In Bremen wird diese schöne Arie nachgerade zelebriert – wie auch später der „Wandergesell“, den man nirgend so gut hört wie von Alen Hodzovic.
Schlimmster Einfall: Egon von Wildenhagen kommt im Rollstuhl die Versenkung hochgefahren, nur damit die beiden Mädel mit ihm auf der Bühne herumfahren können. Auch er übrigens viel zu alt für die Rolle. Das ist hart an der Grenze der Geschmacklosigkeit.
Fazit: In Bremen nimmt man die ganze Sache ernst und unterhält dabei brillant und auf höchstem Niveau – in Berlin spielt man halt den „Vetter“ auf modern, ohne sich wirkliche Gedanken gemacht zu haben, wie das Ganze wirkt. Ich erlaubte mir, in der Pause die Umsitzenden nach Bremen einzuladen, damit sie sehen, wie der „Vetter“ richtig geht – und erntete tödliche Blicke. Es war dieselbe Arroganz, die auch von der Bühne herunterwehte: Ist ja nur der „Vetter aus Dingsda“.
Bremen kann froh sein, diese Inszenierung zu haben und dieses Ensemble zu haben – und das Ensemble kann froh sein, nicht an der Komischen Oper in jener Inszenierung agieren zu müssen.

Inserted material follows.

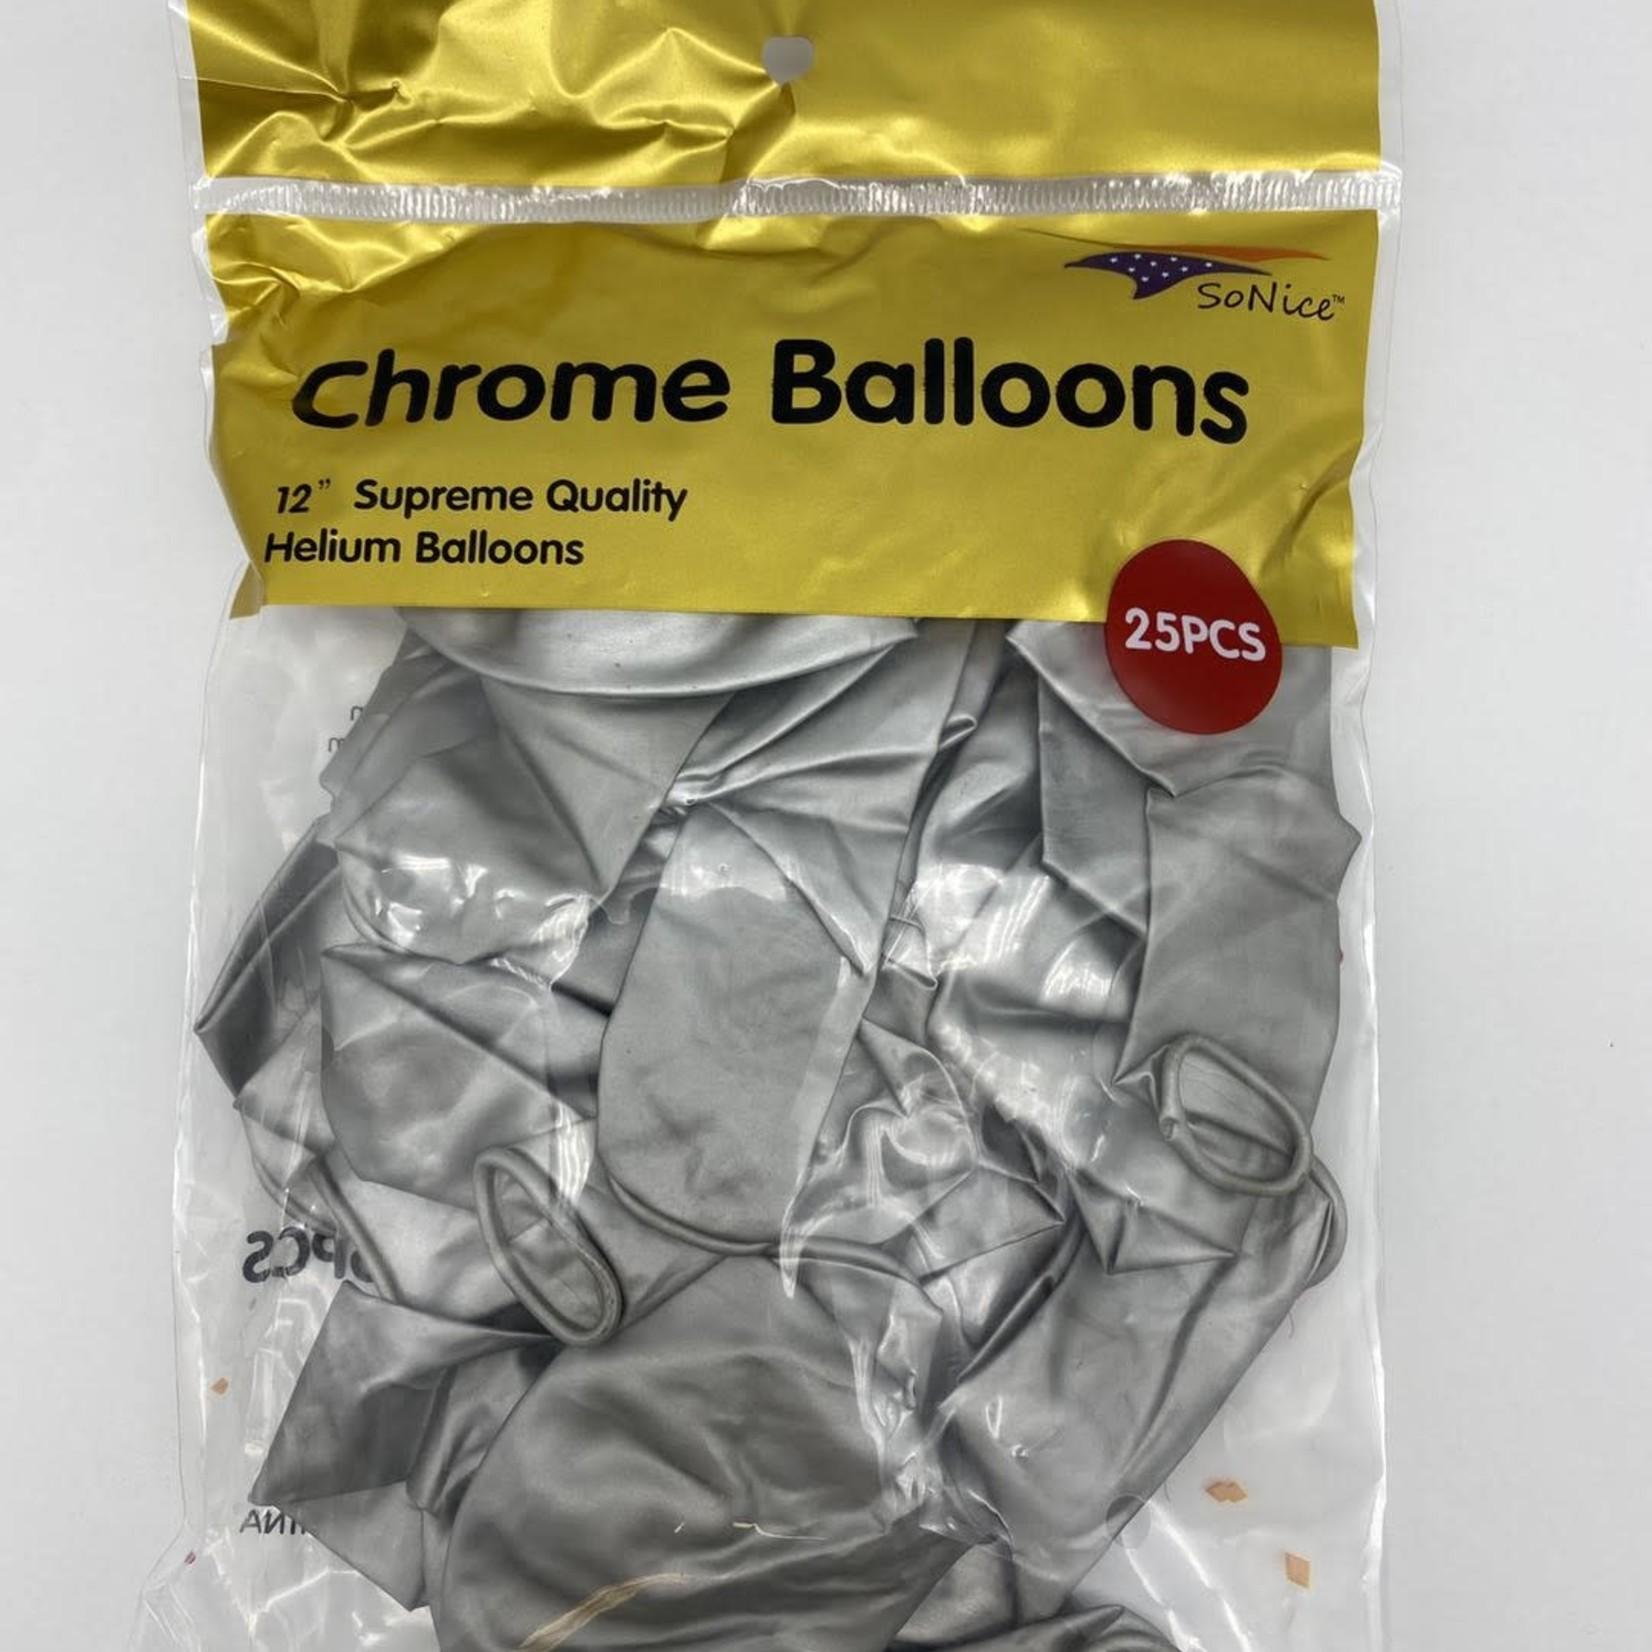 25 CT SILVER CHROME BALLOONS

Michael L. Mo, 28.03.2011 12:12 Uhr
"Medienkunst trifft Mozartoper", so steht es in Programm zu Mozarts Oper IDOMENEO. Ich kann das nur bestätigen, Die Bremer Oper bewegt sich mit dieser Inzenierung auf ganz neuen "Bühnenboden". Die gestrige Premiere ist gelungen, das Bühnenbild mit den neuen Videodesigns bewegt den Zuschauer in einer neue dreidimensionale Welt, Mozarts Ansätze zu dieser Oper kommen aber nie zu kurz. Mein Fazit: Eine super Inzenierung und sehr Empfehlenswert, Bestnote für die Hauptdarsteller.
Erwin Jürgensen Fr, 25.03.2011 17:05 Uhr
Zur Inszenierung der Oper "Madama Butterfly"
Die Butterfly-Produktion des Bremer Theaters ist meines Erachtens ein gelungenes Beispiel des modernen Regietheaters. Die Regisseurin Lydia Steier hat das Werk darauf abgeklopft, was es zur Erhellung unserer modernen Lebenswelt beitragen kann, und ist auf überraschende Weise fündig geworden:
Die in der Originalhandlung angelegten Rollenmuster sind verfallen. Denn welcher aufgeschlossene Theaterbesucher wollte ernsthaft ein Frauenbvild bewahren, das der Frau - in der Abhängigkeit vom Mann - eine Opferrolle zuschreibt, an der sie psychisch zerbrechen muss, und wer ist mit einem Männerbild einverstanden, in dem Männer Gefühle schamlos instrumentalisieren?
Angesichts dieser Erkenntnisse kann die Regisseurin "Madama Butterfly" nicht vom Blatt spielen, wenn sie nicht museales Theater machen will. Stattdessen entwirft sie großartige heutige Lebensbilder, in denen die Butterfly als eine tatkräftige Frau erscheint, die als Künstlerin erfolgreich ist und eine eigene Identität hat. Fernab von der Gefahr, das Anhängsel des Mannes zu sein. Die Bremer Aufführung macht deutlich, dass ihr berufliches und menschliches Scheitern Umständen geschuldet ist, die nicht nur ihrem persönlichen Einfluss unterliegen. Wenn die Wirtschaft einbricht, kann auch Butterfly ihr kleines Theater nicht halten, und wenn Geldsorgen aufkommen, fallen Menschen voneinander ab, die sich für Freunde gehalten haben. Dieser Lauf der Welt ist im Puccini-Original nicht einmal angedeutet. Theater des schönen Scheins.
Umso mehr ist die künstlerische Leistung der Regisseurin hervorzuheben, dass es ihr gelingt, den Zuschauer auf Hintergründe aufmerksam zu machen. Theater der erhellenden Wahrhaftigkeit. Eine Schule des Sehens.
Wenn am Ende der Aufführung scheinbar die Musik und die Bühnenhandlung auseinander fallen - umso besser: Butterfly singt noch von ihrer Liebe, die längst an der Realtät zerbrochen ist. Kein Regiefehler, sondern ein gewollter Kontrast, der den Zuschauer an die eigene Utopie erinnert, selbst mit der Sehnsucht nach einer Welt der Liebe und des Vertrauens unterwegs zu sein.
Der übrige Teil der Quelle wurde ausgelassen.